Given records:

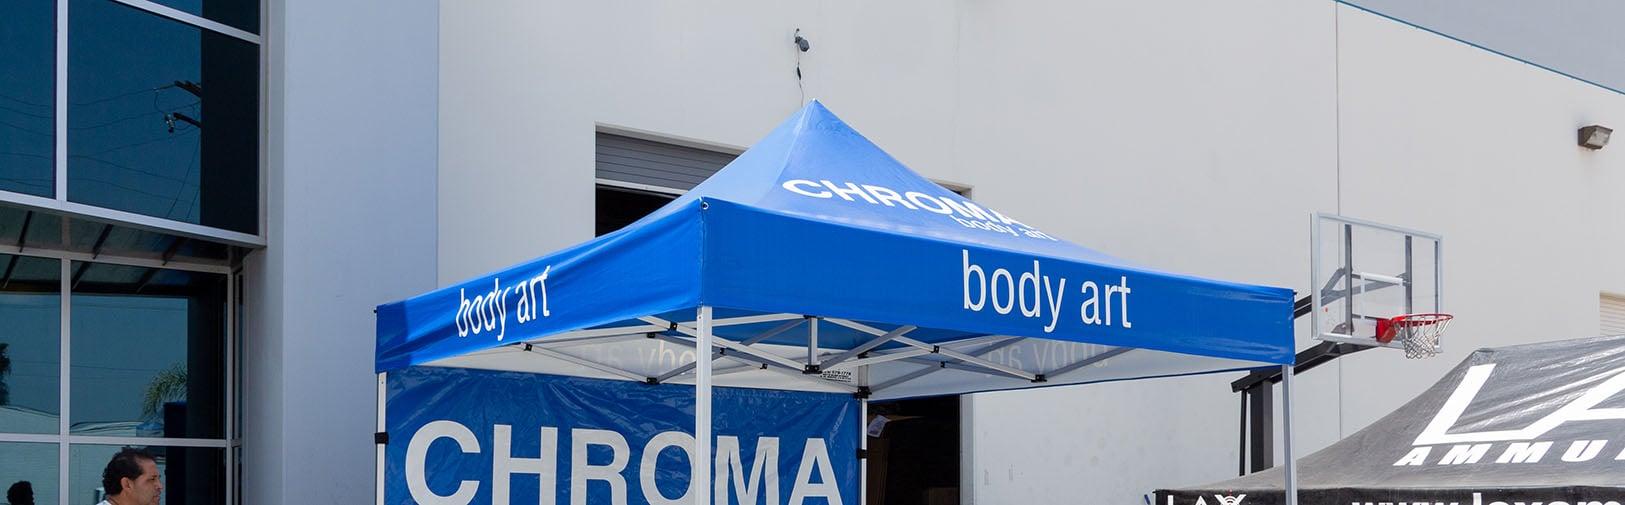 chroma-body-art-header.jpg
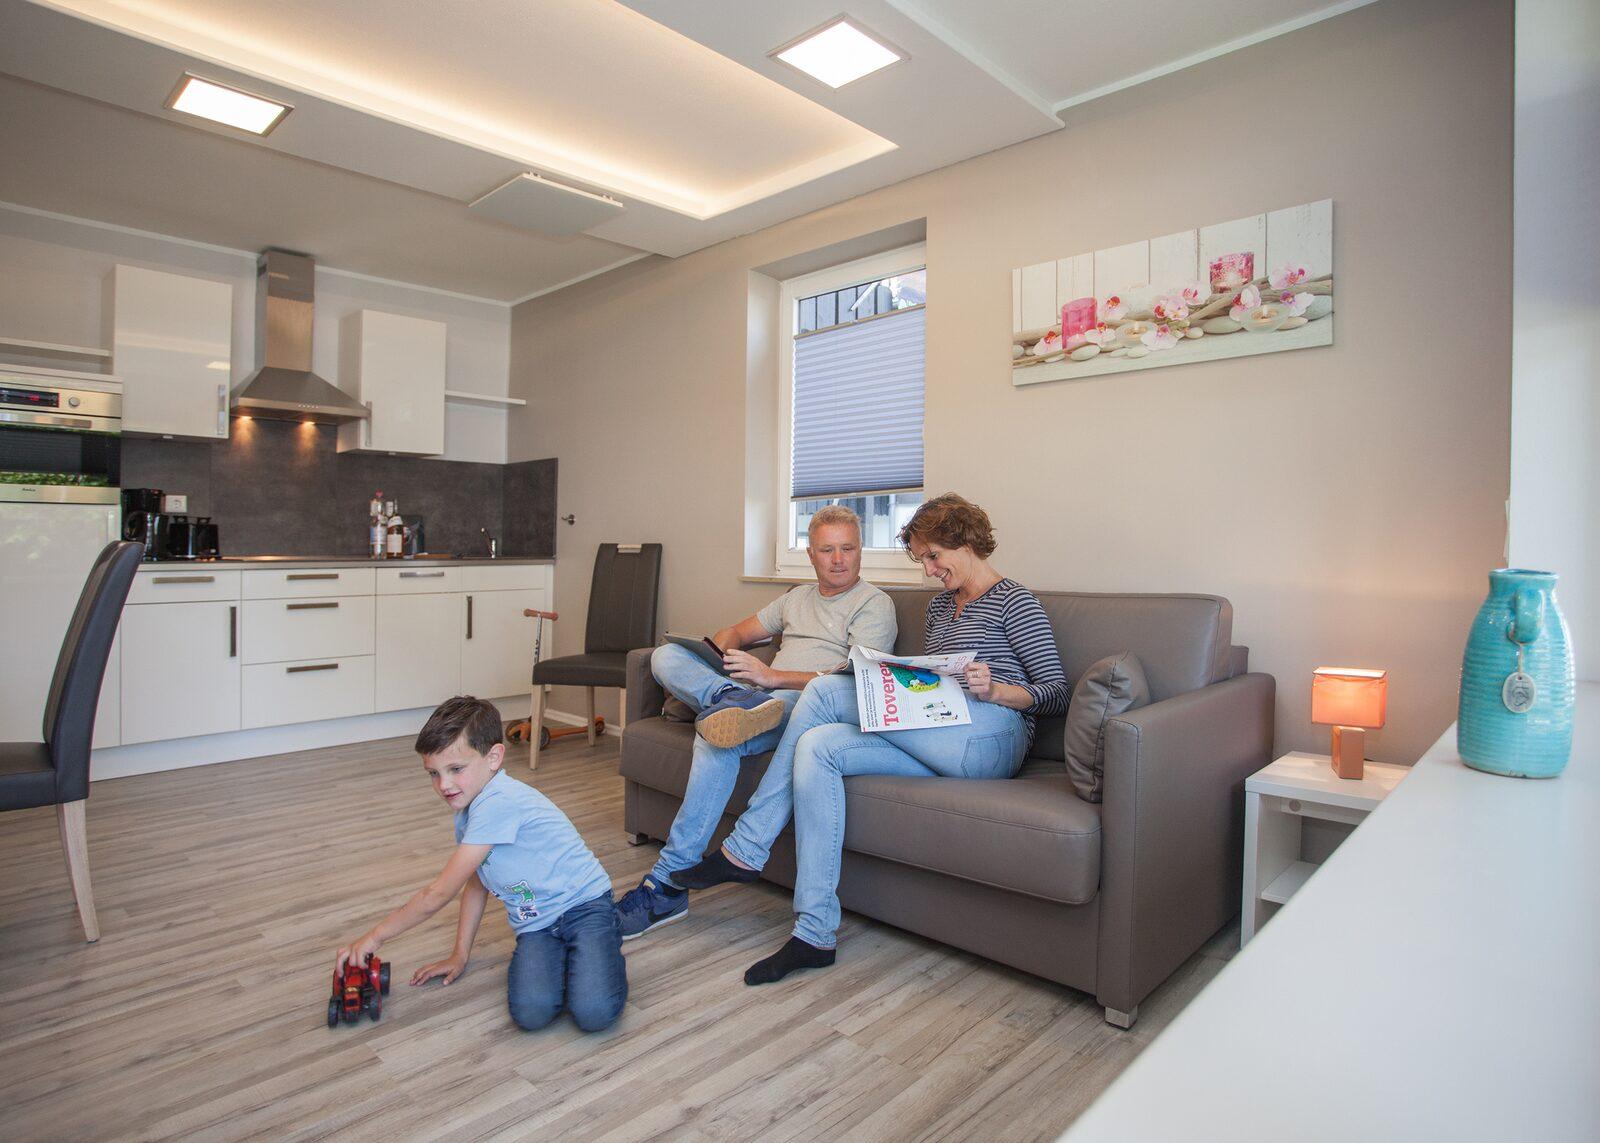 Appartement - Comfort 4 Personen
---
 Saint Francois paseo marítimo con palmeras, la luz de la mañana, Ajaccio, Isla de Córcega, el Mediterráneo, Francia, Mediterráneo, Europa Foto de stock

What this task involves: What you return must match the lines above from the one with "chroma-body-art-header.jpg" through the one with "Appartement - Comfort 4 Personen" exactly, with both ends included and the pictures excluded.

Answer section:
 chroma-body-art-header.jpg
 Appartement - Comfort 4 Personen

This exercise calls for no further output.